UCLA reached out yesterday to say our neurosurgeon wants to move Leo's surgery up by a day, to April 18. We don't know why, but we'll absolutely take it; it's (hopefully) one less day with seizures.

Sterile medical info: A hemispherectomy doesn't guarantee he'll never have seizures again. Instead, it disconnects the hemisphere with the malformation, which is the side that seizes. We're opting for a functional hemispherectomy, keeping the brain tissue inside yet disconnected, instead of an anatomical hemispherectomy, which entirely removes the hemisphere. That's our personal preference, and it's also what UCLA recommended. It's possible his seizures will migrate to the healthy side of his brain or that a connection is missed during surgery, which could mean another surgery or more seizures later on — yet presumably, with the main seizure source disconnected, any later seizures could be better controlled with medication. Essentially, we'll never feel completely out of the woods, but we expect to feel like life is no longer hanging in the balance.

Why surgery?

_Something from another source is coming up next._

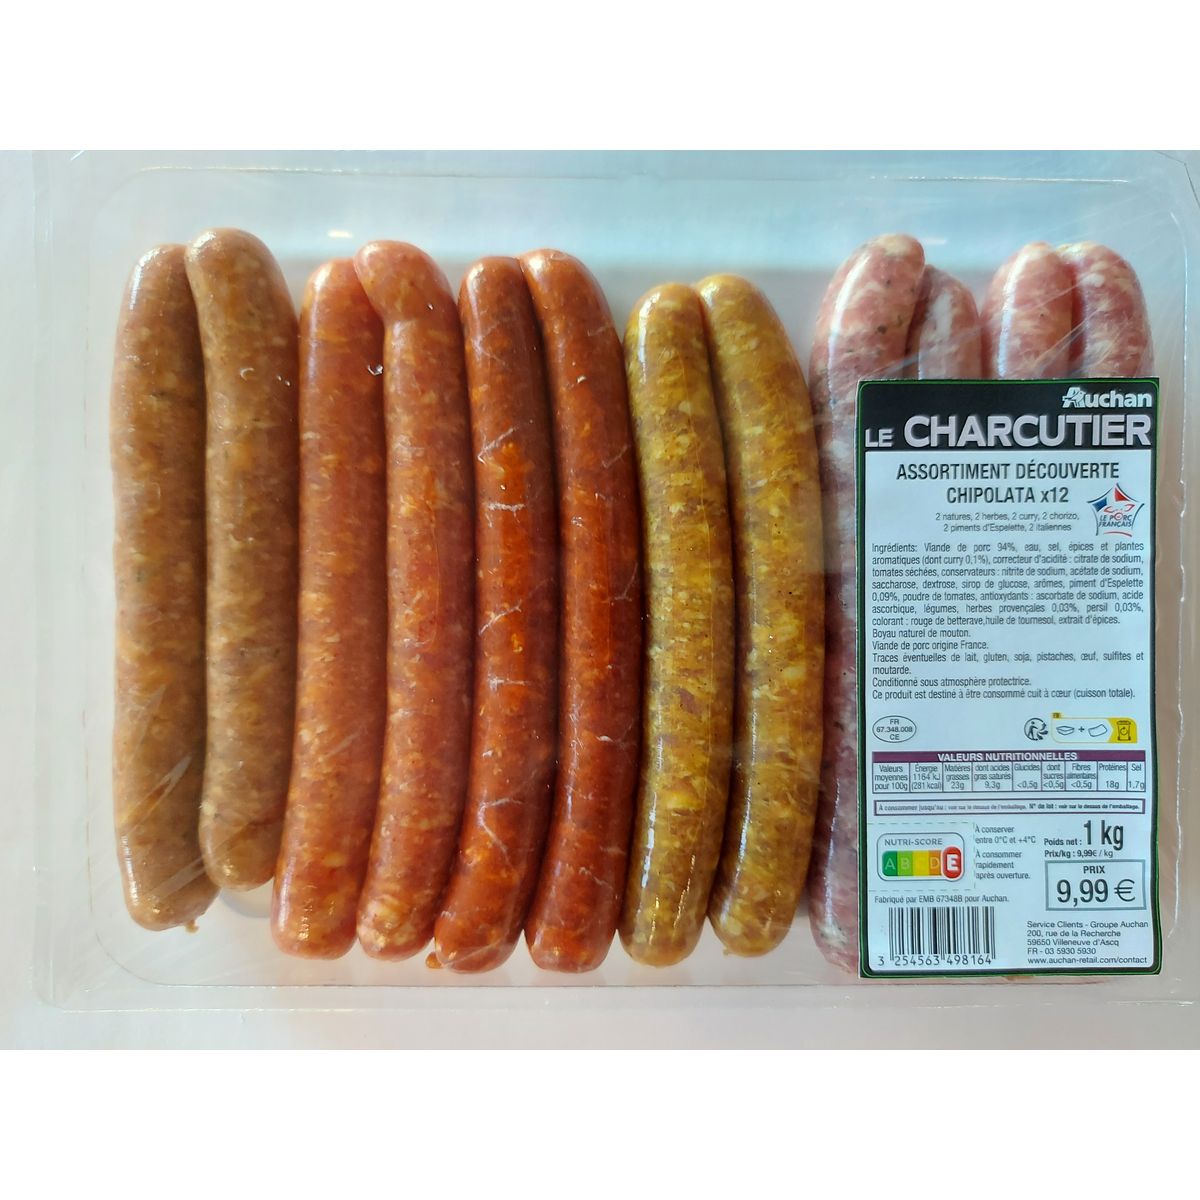 AUCHAN LE CHARCUTIER Assortiment découverte chipolata de porc 12 pièces 1kg

The reason surgery is pursued in a case like Leo's is that two or more meds have already failed to squash his seizures; he's currently on three anticonvulsants given every 12 hours, and we have had to increase dosages periodically when seizures start again. At that point, surgery is the next step. Few people with hemimegalencephaly (HME) live their lives without knowing they have it. Some have occasional seizures, like when they have a fever or are going through puberty, that meds mostly control. Some babies are diagnosed by ultrasound, have a stroke in utero, or are born seizing, and in those cases, treatment is pursued right away. Leo was diagnosed at 6 months, and the younger a child is for surgery, the better: The brain's neuroplasticity means it can rewire to move some functions and skills typically held in one hemisphere to the other.

Leo's seizures are linked to his sleep and tend to happen when he's woken from a deep sleep. During one of his naps yesterday, he sounded like he was breathing weirdly. Checking his monitor, I could see his eyes open and that he was having a seizure. Brian and I calmly coached him through it, removing Leo's pacifier, setting a stopwatch (a seizure is dangerous once it lasts 5 minutes because of the limited oxygen reaching the brain; at that point, you give an emergency med and go to the ER), singing him songs, moving within his line of sight to determine when he could start tracking us again. It can be hard to tell when a seizure has ended because he's a little dazed.

His seizures also leave him paralyzed for a few minutes afterward on his right side, but we breathe a sigh of relief once we see his lopsided smile. That means he's back with us, and the seizure is over.